▶ [EXERCISE DATA]:
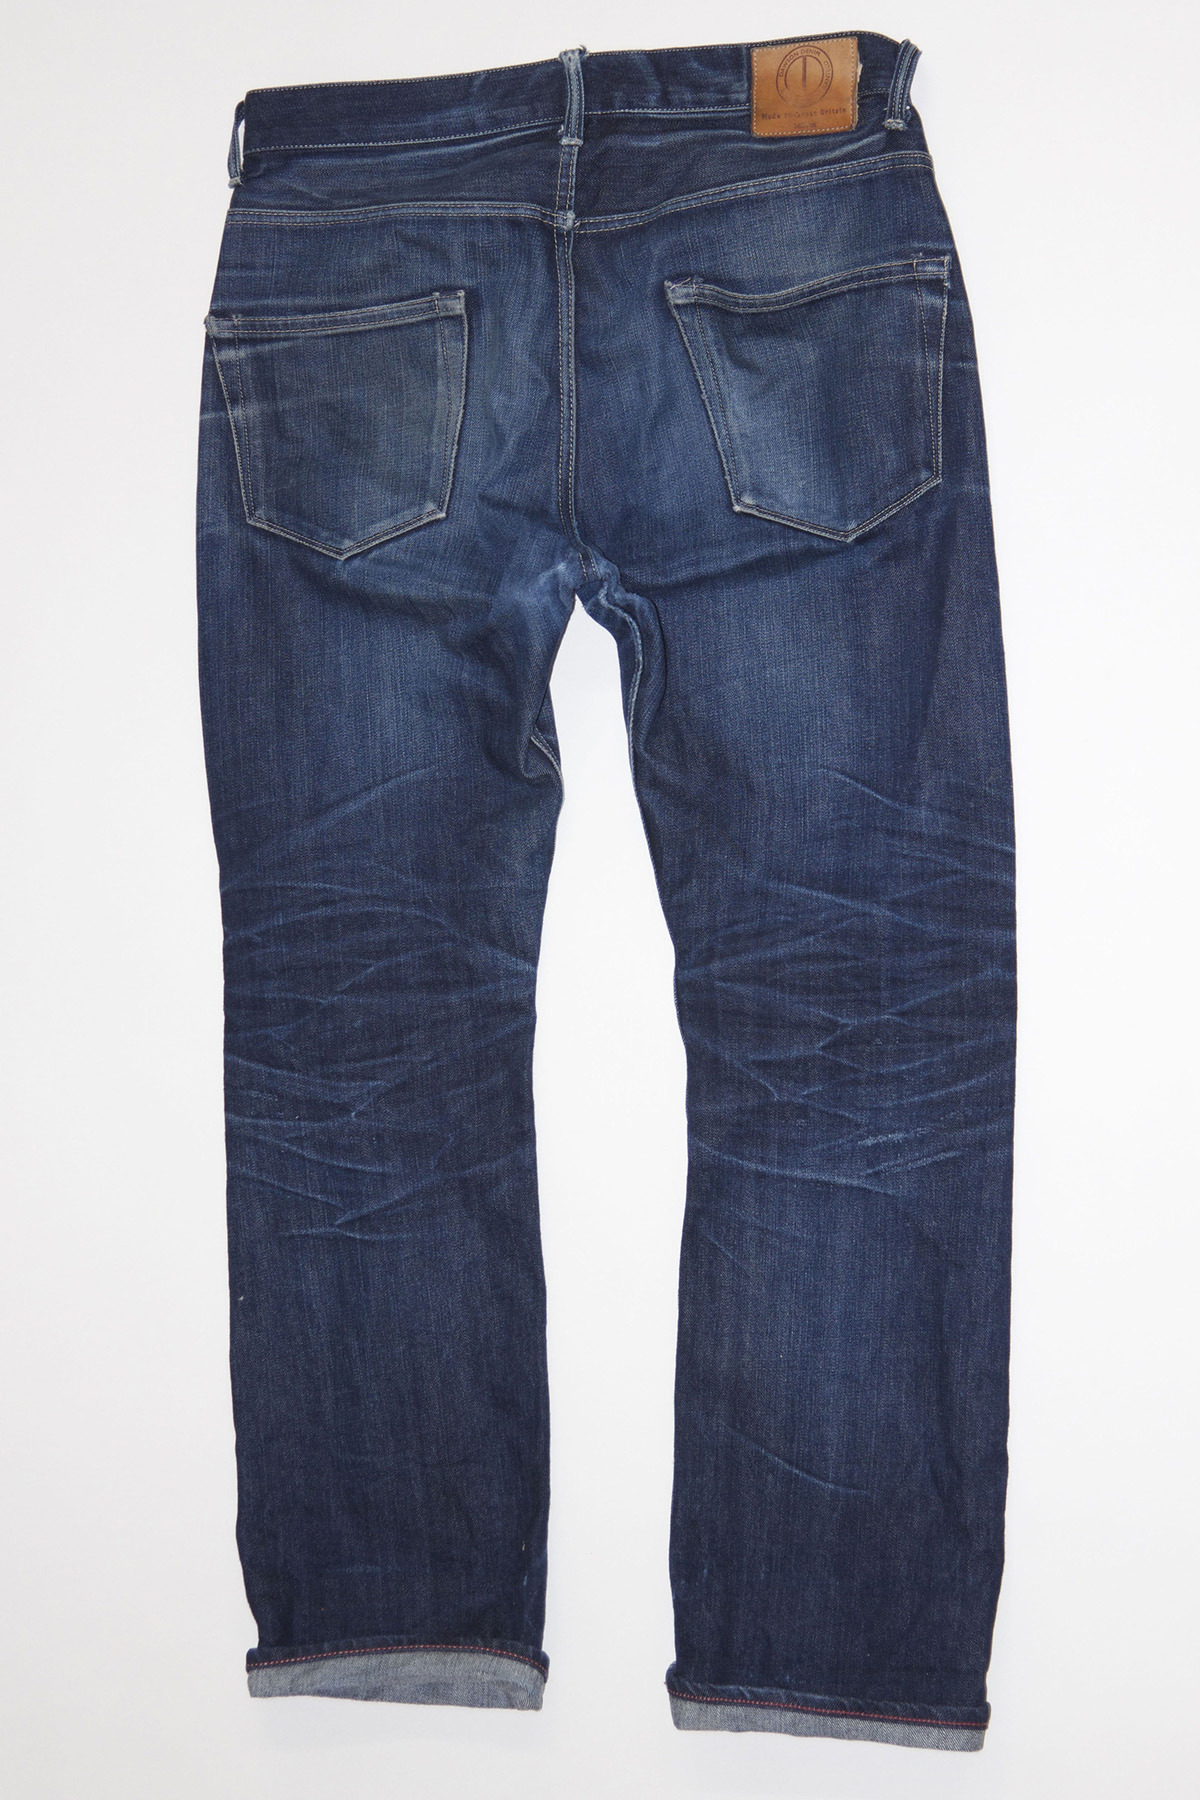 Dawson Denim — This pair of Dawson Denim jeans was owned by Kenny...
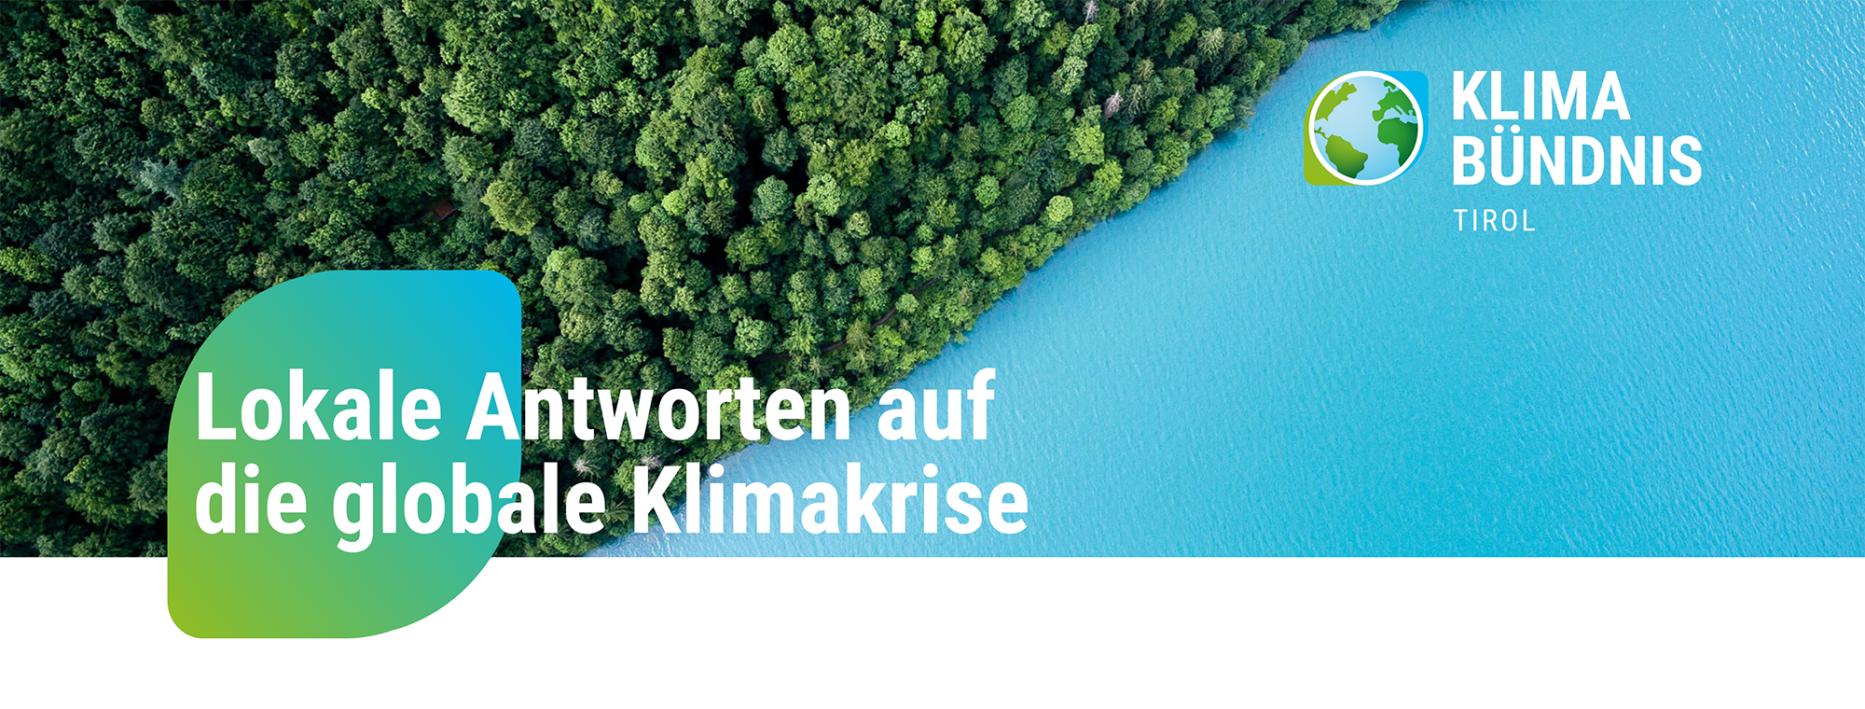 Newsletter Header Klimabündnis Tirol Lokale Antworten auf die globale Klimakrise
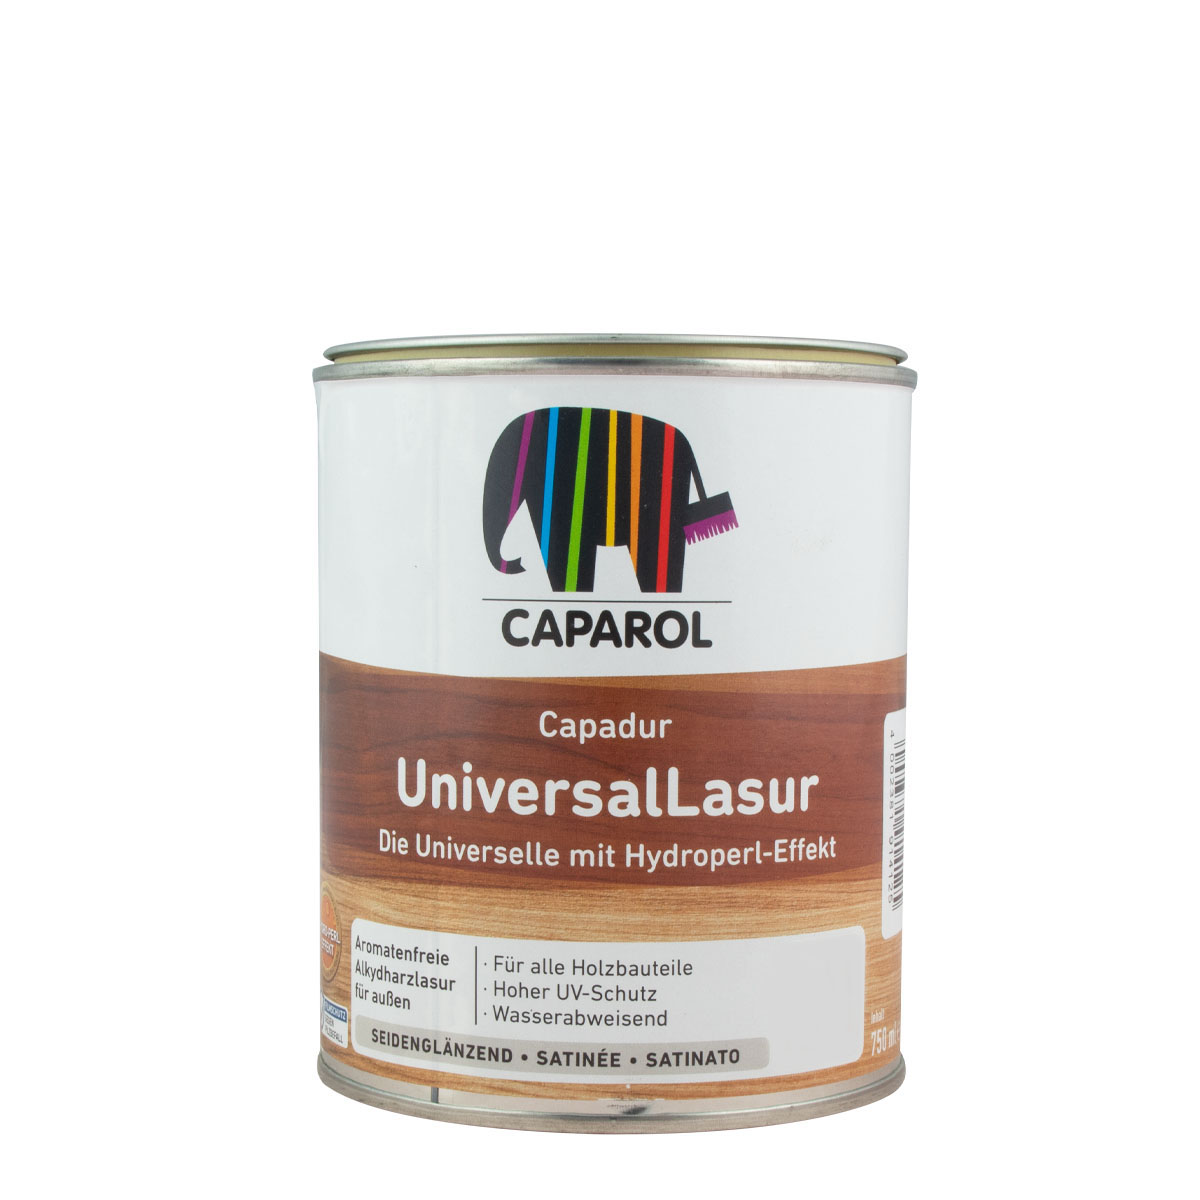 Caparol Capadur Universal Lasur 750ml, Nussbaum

▶ [EXERCISE AIM]:
A verbatim copy of the listing, with all pictures removed, is required.

▶ [ANSWER BOX]:
 Dawson Denim — This pair of Dawson Denim jeans was owned by Kenny...
 Newsletter Header Klimabündnis Tirol Lokale Antworten auf die globale Klimakrise
 Caparol Capadur Universal Lasur 750ml, Nussbaum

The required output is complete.